Under the plan, the state’s only law school would remain in Concord for the foreseeable future but would be renamed the University of New Hampshire School of Law, pending approval by the American Bar Association and the New England Association of Schools and Colleges.
The earliest the ABA would consider the merger is August, said John D. Hutson, the law center’s president and dean. In the meantime, committees will be appointed to explore how best to integrate the schools’ academic programs and administrations.
Great, just what we need, another private third tier law school and public university merger under the guise of serving students who want to go into public interest law. What I think is that these third tier law schools believe it is easier to con more students from these public universities into applying to their law school through joint pre-law college classes and programs.
Before UNH students drop off their law school apps, here is a huge piece of information that the Boston Globe article omits:
Tuition at Franklin Pierce is steep, even by the lofty standards of private law schools. For a full-time student during the 2009-2010 academic year, the bill comes to $36,900, not including books and university fees. Students are also advised to budget about $12,000 for living expenses, bringing the annual cost of attendance closer to $60,000.

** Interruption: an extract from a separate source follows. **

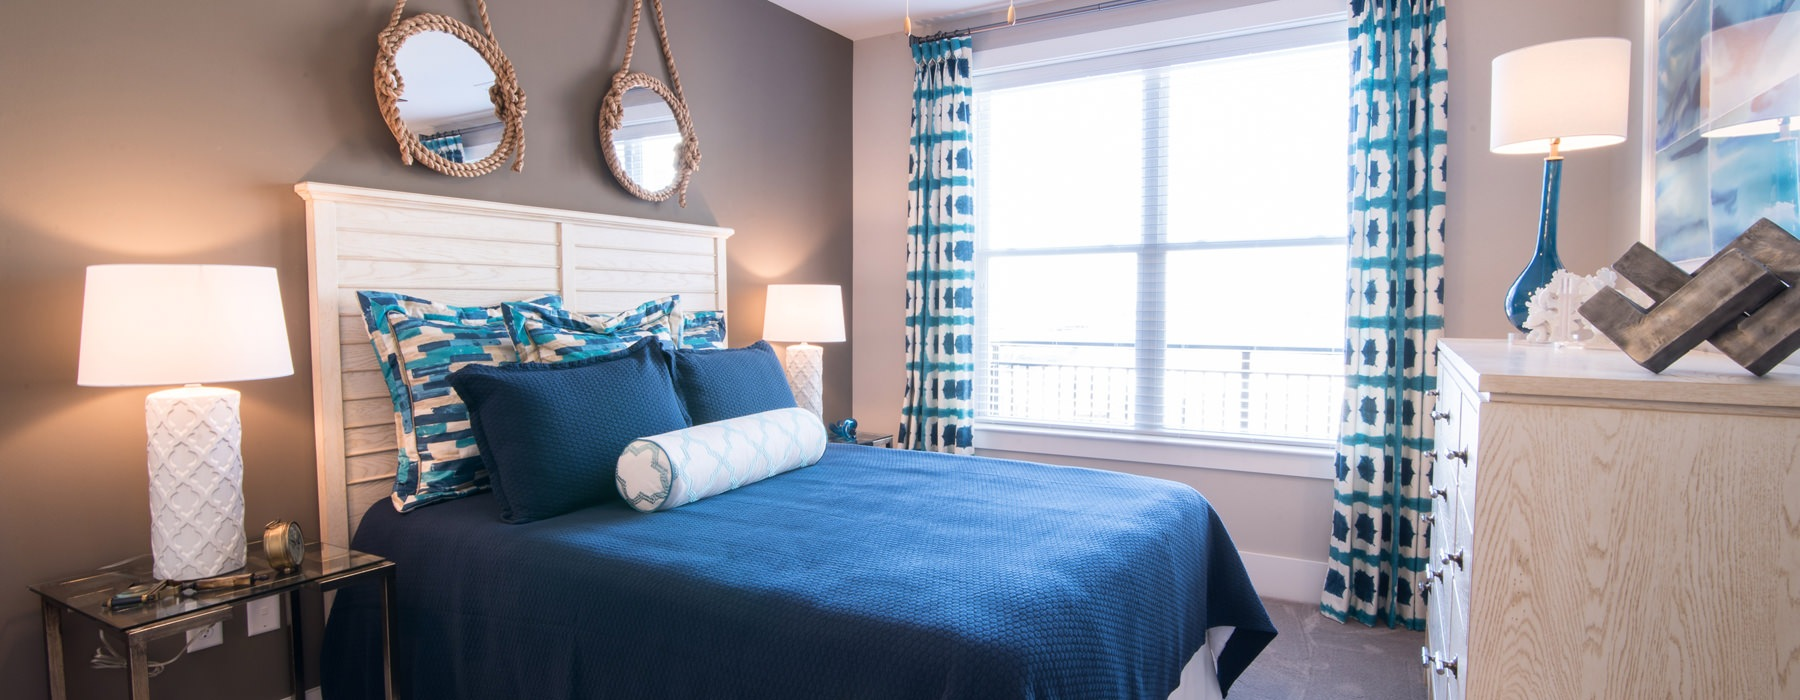 Coastal, cozy bedroom with large window

...Although not many of them work in high-paying “biglaw” jobs in Boston or New York, most Franklin Pierce graduates do find some kind of work. Most recently, 65.8% of the class had employment at the time of graduation, and within 9 months, 95.5% had found work. For those working in the private sector, the average starting salary was an impressive $95,000, compared to $48,500 for those working in the public sector. It should be noted, however, that average salary statistics tend to be self-reported and often do not reflect the entire graduating class, so that $95,000 (which is markedly higher than that of similarly ranked law schools) figure should be viewed with some skepticism.
Hah. I don't know where the 95.5% employment statistic comes from (I'm guessing from Franklin Pierce or the ABA) but it does state that most graduates do not find high-paying biglaw jobs in Boston or New York . So where exactly are these students "working"? McDonalds?